START GIVEN DATA
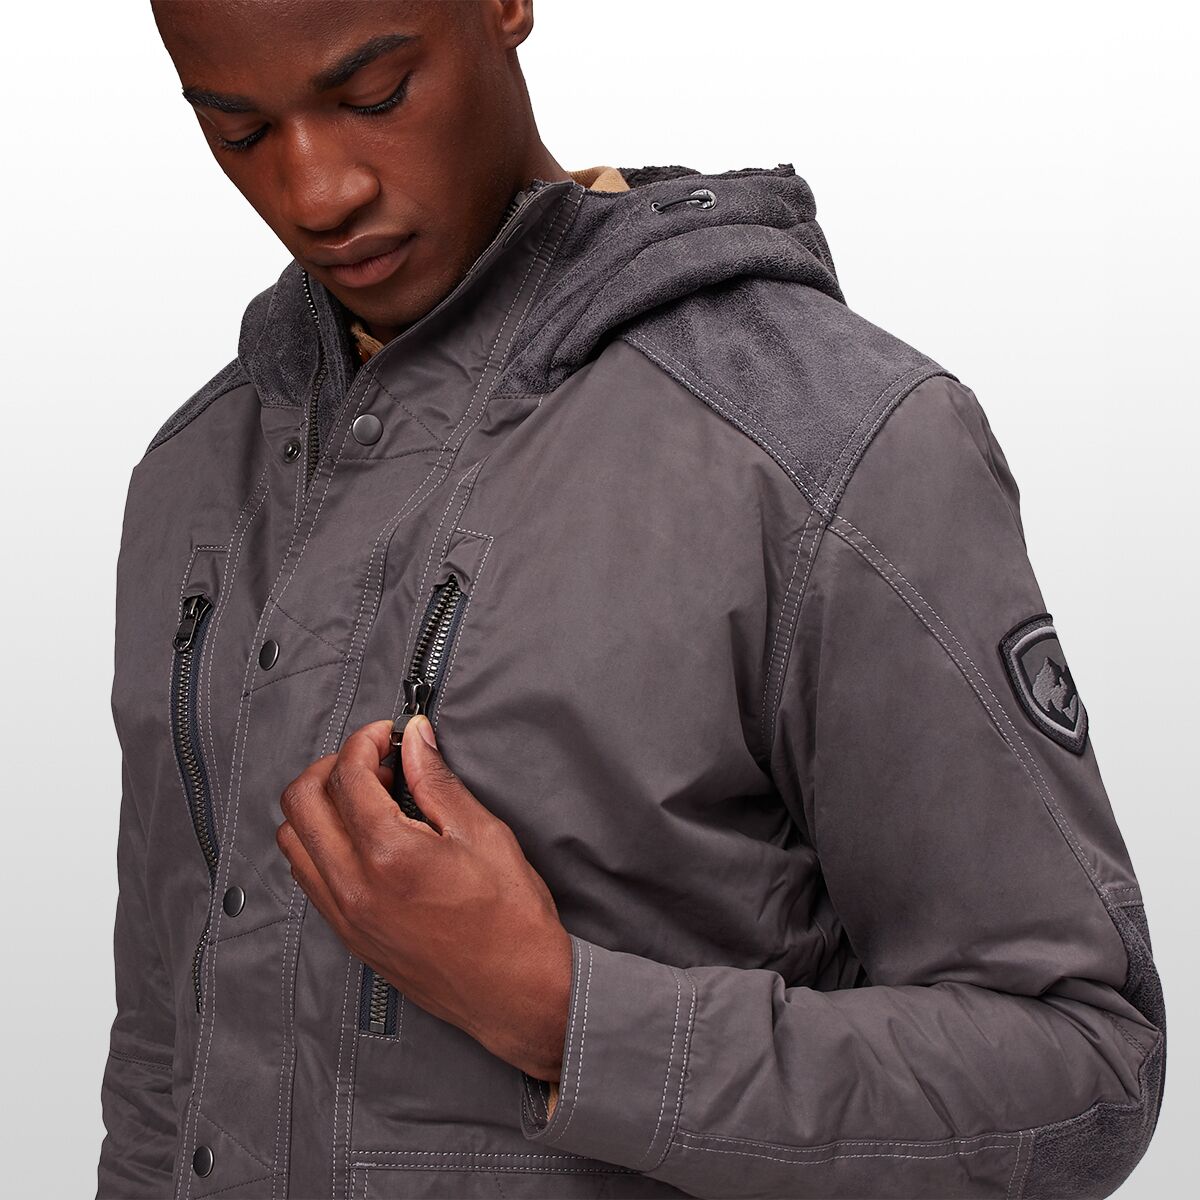 Kuhl, Jackets & Coats, Kuhl Ascendyr Performance Luxury Jacketnew With  Tags Size Large Dark Greyblack
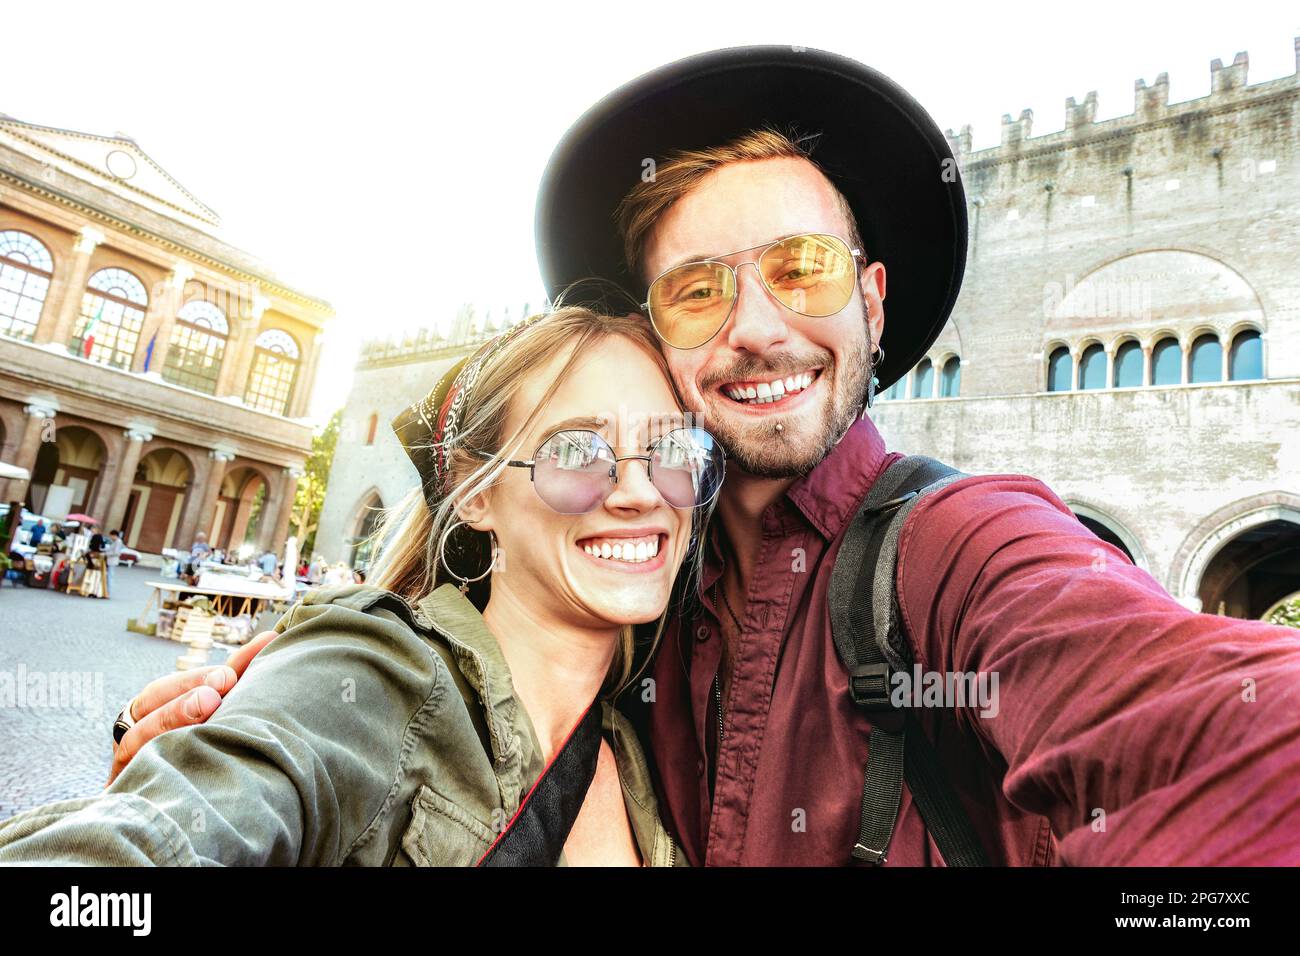 Giovane uomo e donna innamorati divertirsi a fare selfie nel tour della città vecchia - Wanderlust stile di vita concetto di viaggio con bella coppia turistica sulle attrazioni della città Foto Stock
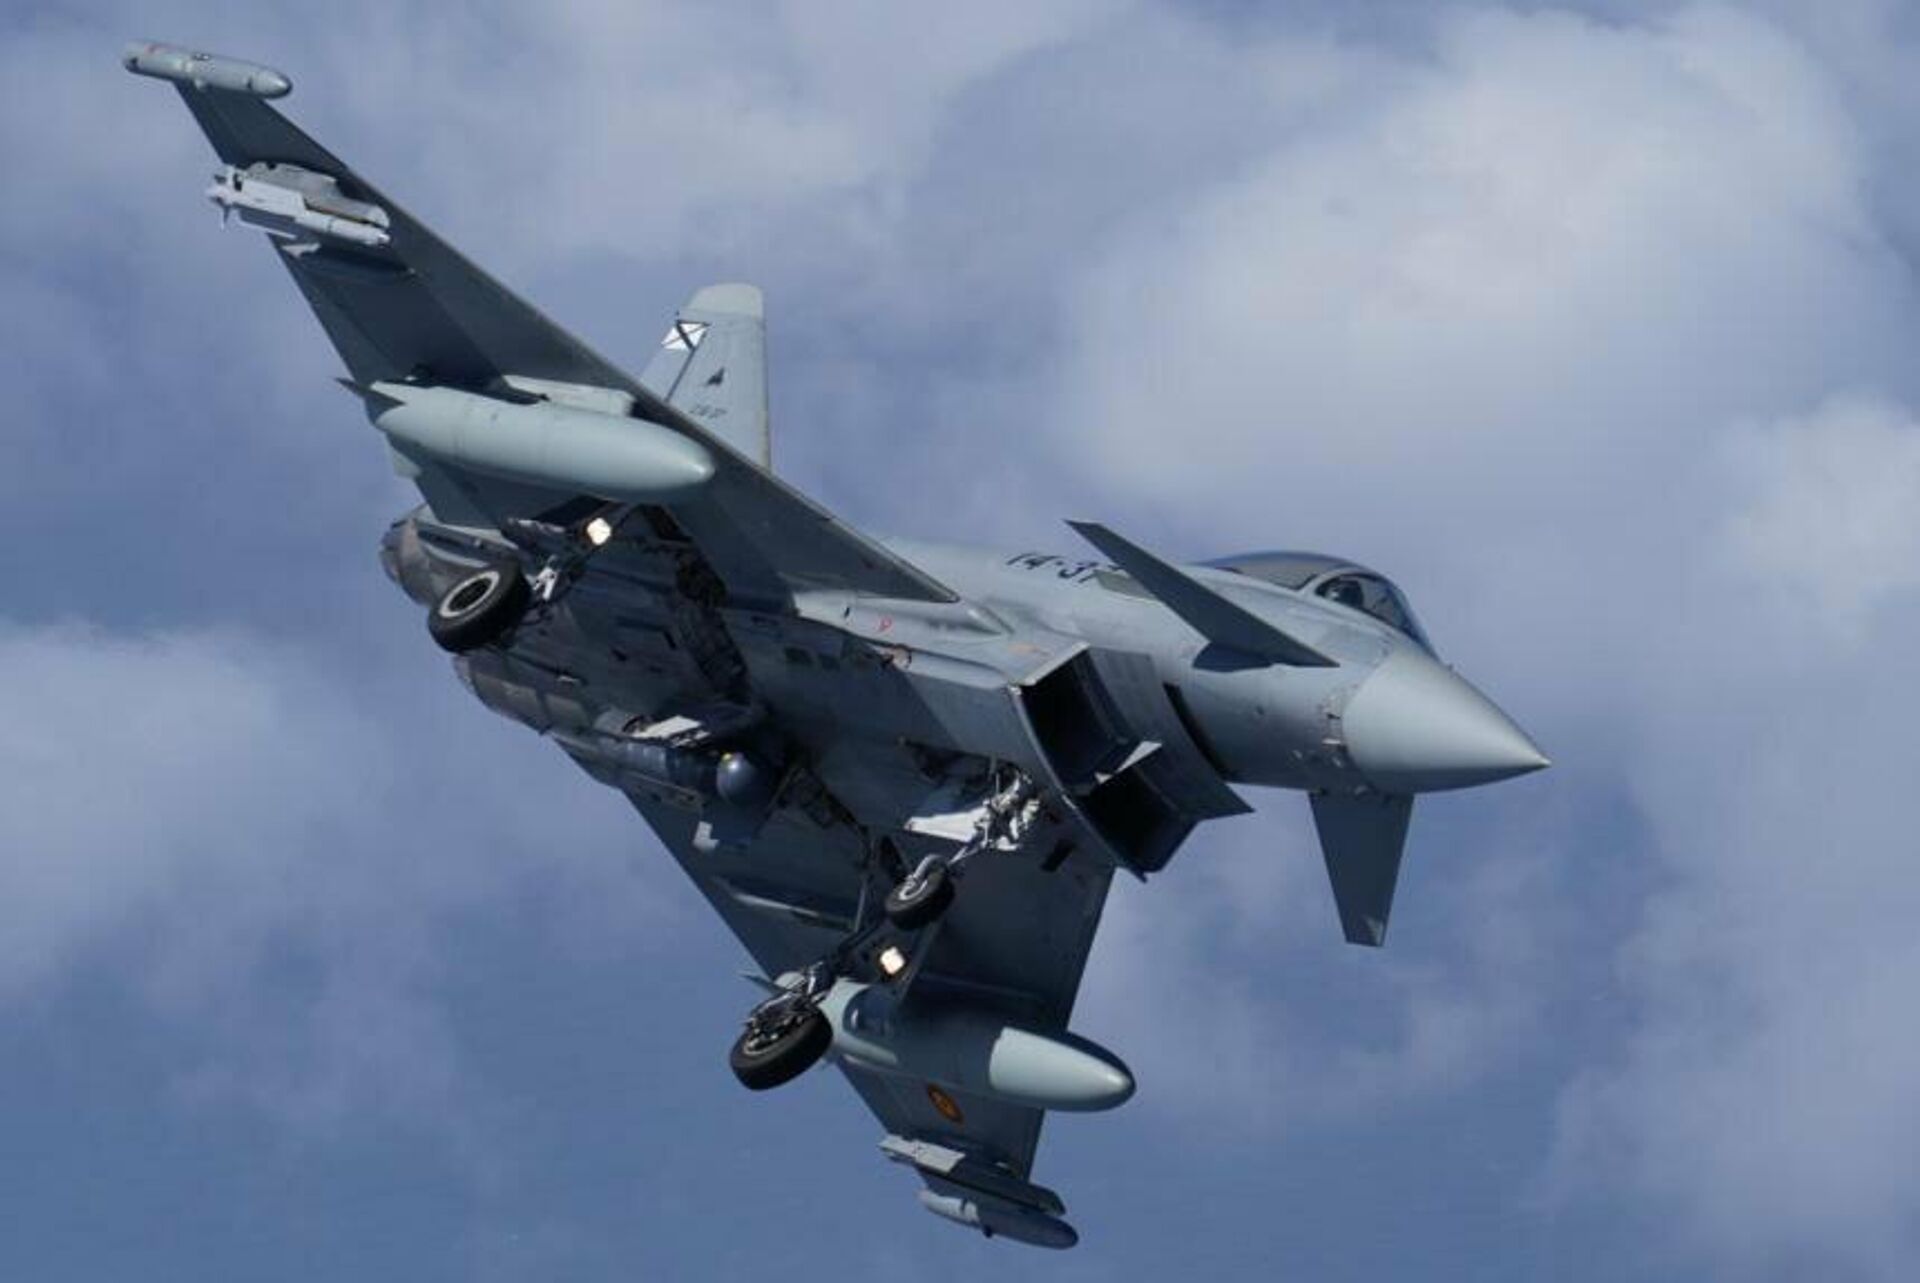 El Eurofighter ha sido probado en combate durante operaciones en Libia, Irak y Siria. - Sputnik Mundo, 1920, 27.10.2021
END GIVEN DATA
▶ **DIRECTIONS FOR THIS TASK**: Restate the full listing verbatim and drop every picture.

▶ **RESPONSE AREA**:
 Kuhl, Jackets & Coats, Kuhl Ascendyr Performance Luxury Jacketnew With  Tags Size Large Dark Greyblack
 Giovane uomo e donna innamorati divertirsi a fare selfie nel tour della città vecchia - Wanderlust stile di vita concetto di viaggio con bella coppia turistica sulle attrazioni della città Foto Stock
 El Eurofighter ha sido probado en combate durante operaciones en Libia, Irak y Siria. - Sputnik Mundo, 1920, 27.10.2021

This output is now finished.